Политика главы министерства иностранных дел лорда Эдуарда Грея казалась двойственной почти до момента вступления страны в войну в 1914 году. Всё это время правительство Германии могло верить в то, что Англия не решится напасть, но вскоре канцлера Теобальда фон Бетмана-Гольвега постигло горькое разочарование «из-за какой-то бумажки!», когда Британия объявила войну в ответ на посягательство на нейтралитет Бельгии. Неизменная сдержанность Грея, обусловленная скорее внутренними междоусобицами, чем его собственными сомнениями, возможно, выглядела в глазах немцев как проявление слабости. (5) Судя по успеху «Великой иллюзии», германские дипломаты могли предположить, что британская общественность была против вступления в войну на континенте.

С началом Первой мировой войны о «Великой иллюзии», казалось, забыли. Об этой книге никто больше не упоминал. Однако многочисленные жертвы стали ещё одним аргументом в пользу пацифизма. «Больше никогда!» и «Последняя война!» – скандировали пацифисты, основывая свою позицию на принципах морали. Но и рациональные соображения о недопустимости войны тоже не могли долго оставаться в тени. Тем более, что ранее многие успели увлечься идеями Энджелла.

В Великобритании они породили политическое течение, которое можно определить как «либеральный пацифизм», в русле которого элита британского общества, представители деловых и академических кругов высказались против вступления в войну в 1914 году и призыва на военную службу в 1916-м.
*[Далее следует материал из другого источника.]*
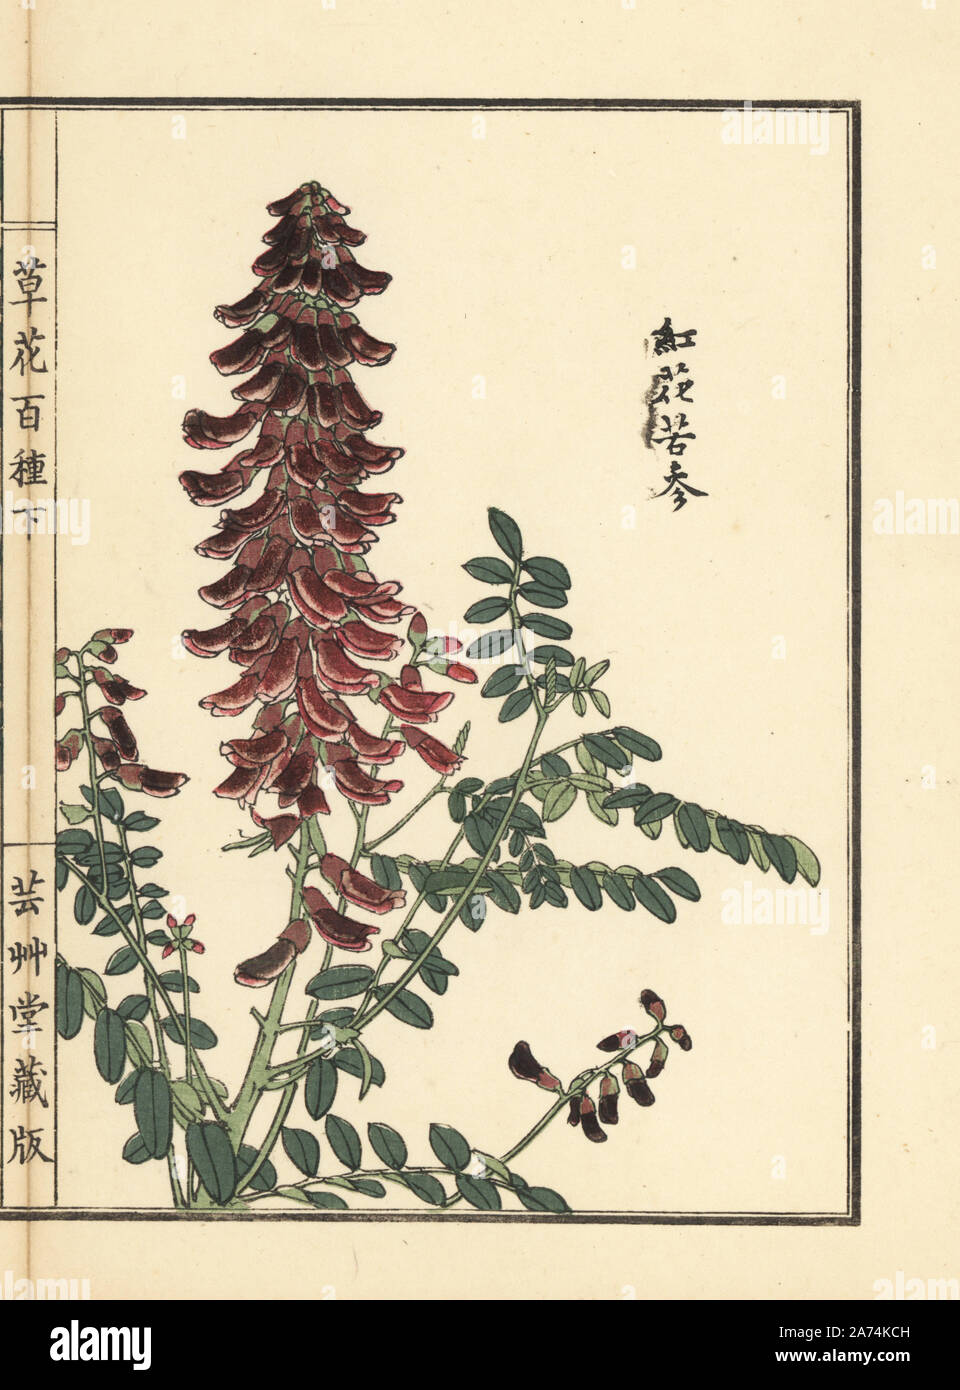 Kouka or kujin, Sophora flavescens. Root used in Chinese medicine as ku shen. Handcoloured woodblock print by Kono Bairei from Kusa Bana Hyakushu (One Hundred Varieties of Flowers), Tokyo, Yamada, 1901. Stock Photo

Затем его доктрина вдохновляла тех, кто выражал протест против репараций – на переговорах в Версале эту позицию отстаивал Джон Мейнард Кейнс, в 1919 году написавший памфлет «Экономические последствия мира». (6)

Можно ли утверждать, что приход нацистов к власти в Германии нанёс последний удар по теории Энджелла? В самом деле, смешно и нелепо было бы убеждать Гитлера в том, что война «тщетна». Тем временем писатель стал депутатом от партии лейбористов, получил дворянский титул и Нобелевскую премию мира. Неужели этот безумный успех объяснялся теми же причинами, что и до 1914 года? Несомненно, его книга служила для того, чтобы отвести нависшую над миром угрозу, которая постоянно звучала в речах Гитлера.

Таким образом, она способствовала политике умиротворения, проводившейся британским правительством до 1938 года, частью которой стали Мюнхенские соглашения. Трагический пример невыполнимых ожиданий, согласно которым Гитлер якобы мог образумиться, если бы его требования были выполнены. Мир превратился в иллюзию.

Энджелл подошёл к написанию своей книги как эссеист: он не придавал большого значения ссылкам на источники тех или иных сведений, черпая их главным образом из прессы, а не из научных трудов, и не углублялся в теоретические рассуждения. Этим и объясняется его непринуждённый позитивизм: факты должны говорить сами за себя. Он не ссылался на известную ему работу Джона Хобсона об империализме, опубликованную в 1902 году, автор которой, будучи пацифистом, осознавал агрессивный потенциал капитализма. Вдохновляясь ею, Ленин противопоставил ей радикальную и по-своему реалистичную доктрину империализма как настоящего поджигателя войны: империализм как «высшая стадия монополистического капитализма».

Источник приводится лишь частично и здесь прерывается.